Pada tahun 2024, Brasil mencatat 1.247 operasi merger dan akuisisi, menurut konsultan Kroll, dan integrasi pasca-merger (PMI) (PMI) (PMI) adalah momen penting bagi keberhasilan transaksi ini. Louro Tech, yang didirikan pada tahun 2024 oleh Felippe Pires, mantan mitra XP dan CEO saat ini, memecahkan masalah ini dengan menggabungkan kecerdasan buatan (AI), konsolidasi data waktu nyata, dan CRM tingkat lanjut, mengurangi waktu PMI rata-rata dari bulan yang panjang menjadi hanya beberapa hari. Saat ini, perusahaan mengelola lebih dari R10 miliar 20 miliar aset R2000T2 dan memiliki 2000020T102.
Selama PMI, ada beberapa hambatan yang harus dihadapi oleh perusahaan yang terlibat. “Setiap menit berarti. Mengintegrasikan sistem yang berbeda bukan hanya masalah teknis 5 ADALAH risiko operasional yang memperkuat guncangan budaya antar tim. Ketika informasi penting hilang dalam transisi, apa yang harus menjadi sinergi menjadi masalah”, jelas Pires. Pakar mengutip sebagai contoh, integrasi data yang telah dilakukan oleh Louro Tech antara dua perusahaan. “Konsolidasikan data manajemen komersial historis dari kedua perusahaan untuk meningkatkan sinergi, misalnya, akan memakan waktu setidaknya dua bulan. Kami mengurangi waktu ini menjadi tiga hari, melakukan merger tanpa kehilangan satu CEO, dengan satu, satu, satu, satu, satu ACHR.
Fasilitator lain dapat menjadi alat yang digunakan oleh organisasi untuk menganalisis dan mengelola data mereka. Jika perusahaan yang terlibat dalam proses merger atau akuisisi sebelumnya menggunakan alat yang sama, transisi pasca-merger menjadi jauh lebih lancar. “Fakta menggunakan struktur data yang sama sangat memudahkan dalam PMI. Dan karena instalasi dan implementasi alat ini sangat cepat ”kami mengkonfigurasi dan menerapkannya dalam waktu seminggu’, kami dapat membuat merger perusahaan lebih gesit dalam hal pengelolaan data”, tambah CEO.

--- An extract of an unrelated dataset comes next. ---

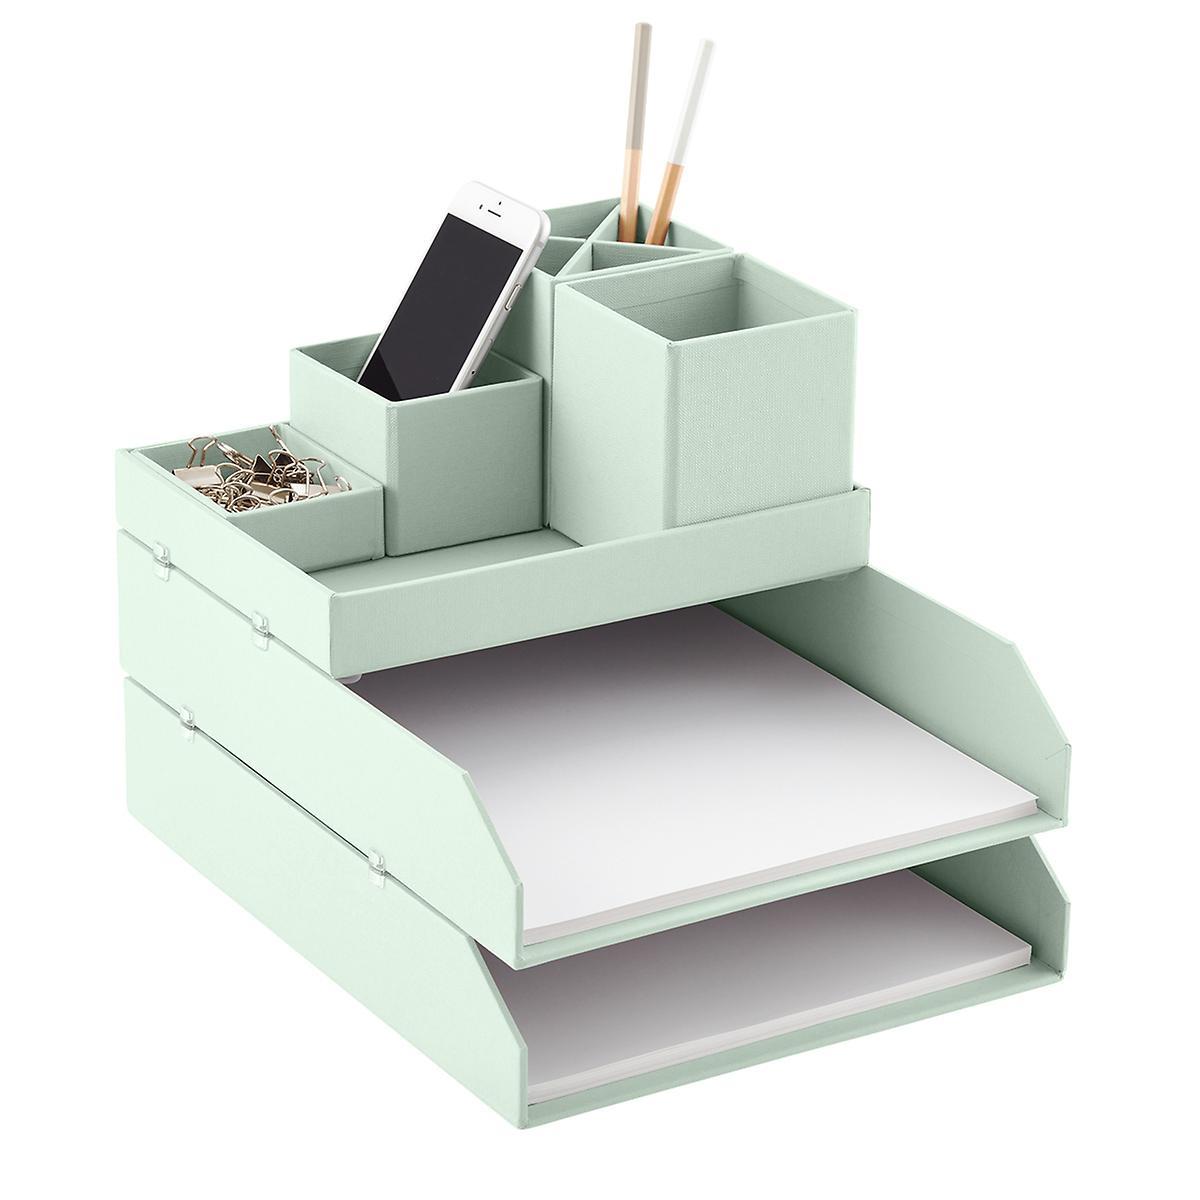 Famous Bigso Mint Stockholm Desktop Organizer | The Container Store CS86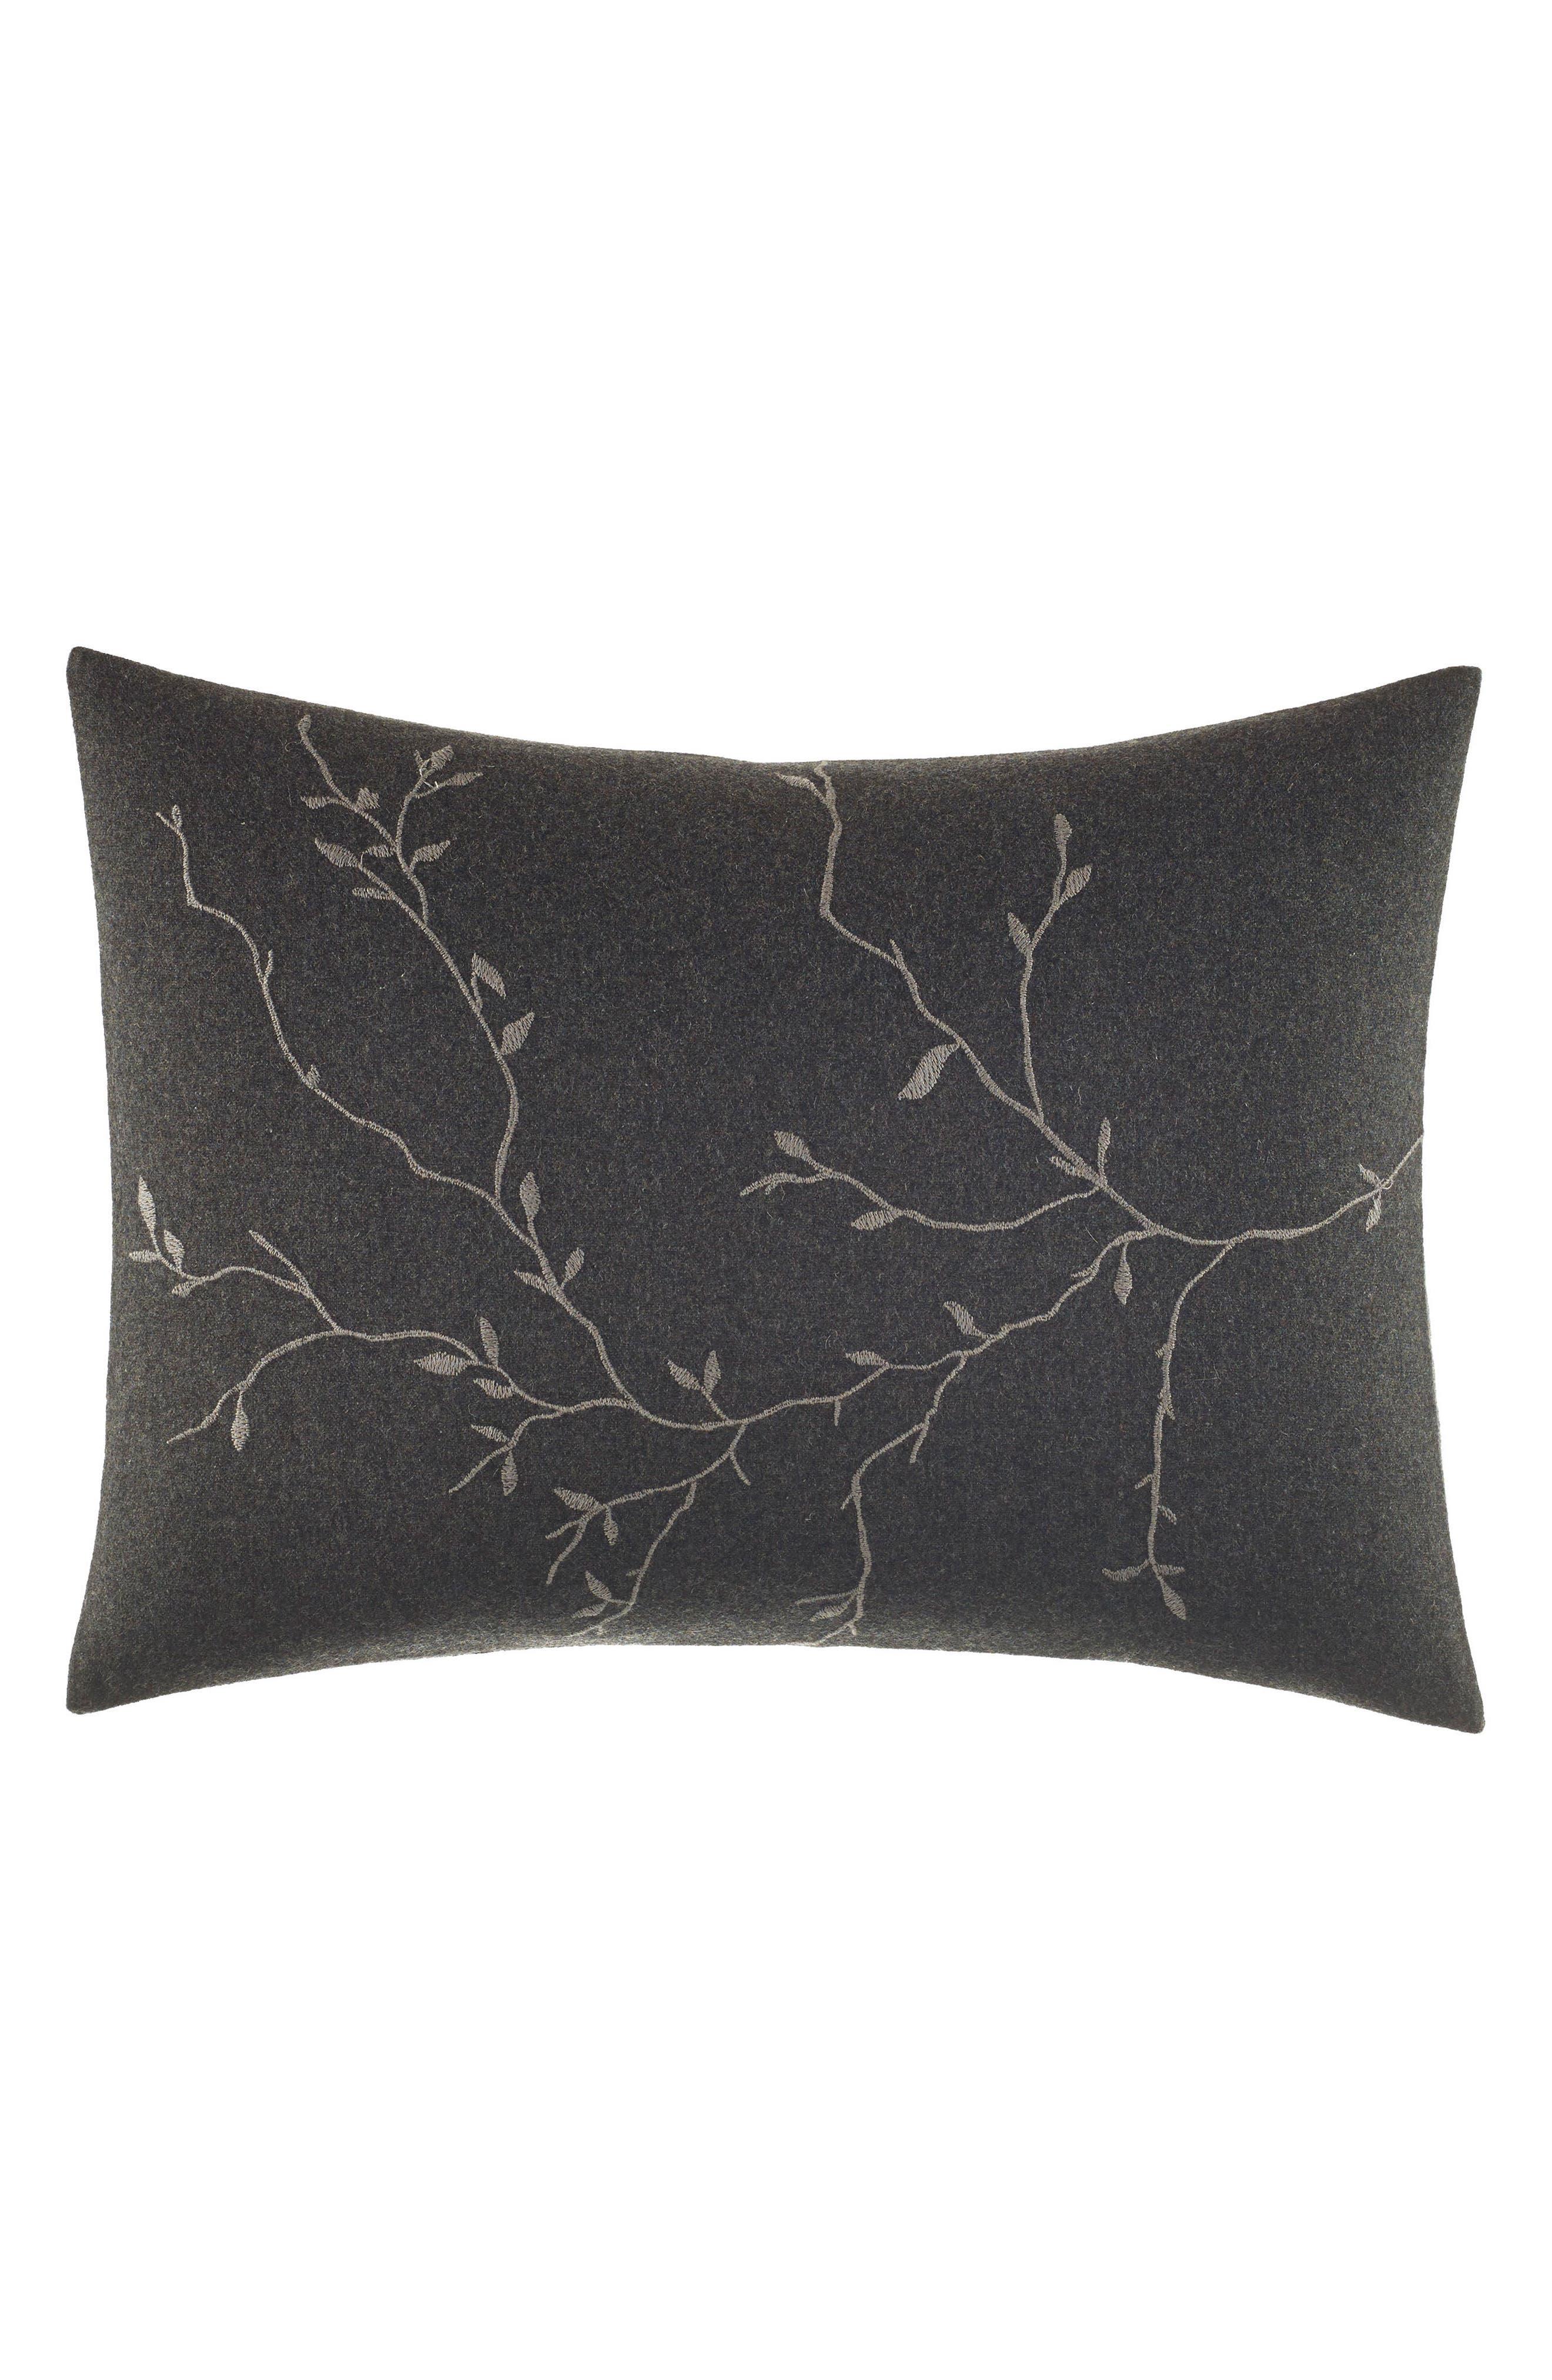 Charcoal Floral Vine Accent Pillow,                             Main thumbnail 1, color,                             Dark Gray

Studi menunjukkan bahwa 41% merger dan akuisisi gagal karena kegagalan dalam integrasi antar perusahaan, yang menyebabkan kerugian finansial yang signifikan. Ketidakmampuan untuk mengkonsolidasikan informasi strategis dengan cepat dapat mengakibatkan hilangnya pelanggan, ketidakselarasan antar tim dan kesulitan dalam beradaptasi dengan proses operasional baru. Pakar menjelaskan bahwa kantor yang mengelola aset R$ 500 juta, misalnya, dapat menghabiskan rata-rata 16 jam seminggu untuk memperbaiki kesalahan antara spreadsheet yang terputus 5 waktu yang dapat didedikasikan untuk menarik pelanggan baru.
Integrasi data yang efisien tidak hanya mempercepat transisi operasional, tetapi juga memungkinkan perusahaan untuk memastikan kepatuhan terhadap peraturan dan memitigasi risiko hukum.Dokumentasi keuangan dan laporan wajib dapat dihasilkan secara otomatis, mengurangi kesalahan dan memastikan transparansi untuk audit dan badan pengatur. “Ini bukan hanya tentang mengkonsolidasikan data, tetapi tentang memastikan bahwa seluruh operasi berjalan lancar, menghindari sanksi peraturan dan mengoptimalkan waktu”, Pires menambahkan.
Efisiensi ini secara langsung berdampak pada retensi bakat di dalam perusahaan yang terlibat dalam merger. Proses yang gesit dan terstruktur dengan baik meminimalkan ketidakpastian, mengurangi tingkat pergantian profesional utama. Perusahaan yang menghadapi transisi yang berkepanjangan dan tidak terorganisir sering kehilangan bakat strategis kepada pesaing, sehingga membahayakan kelangsungan bisnis. Teknologi Louro Tech memfasilitasi adaptasi tim, memastikan bahwa merger mencapai tujuan pertumbuhan dan sinergi operasionalnya.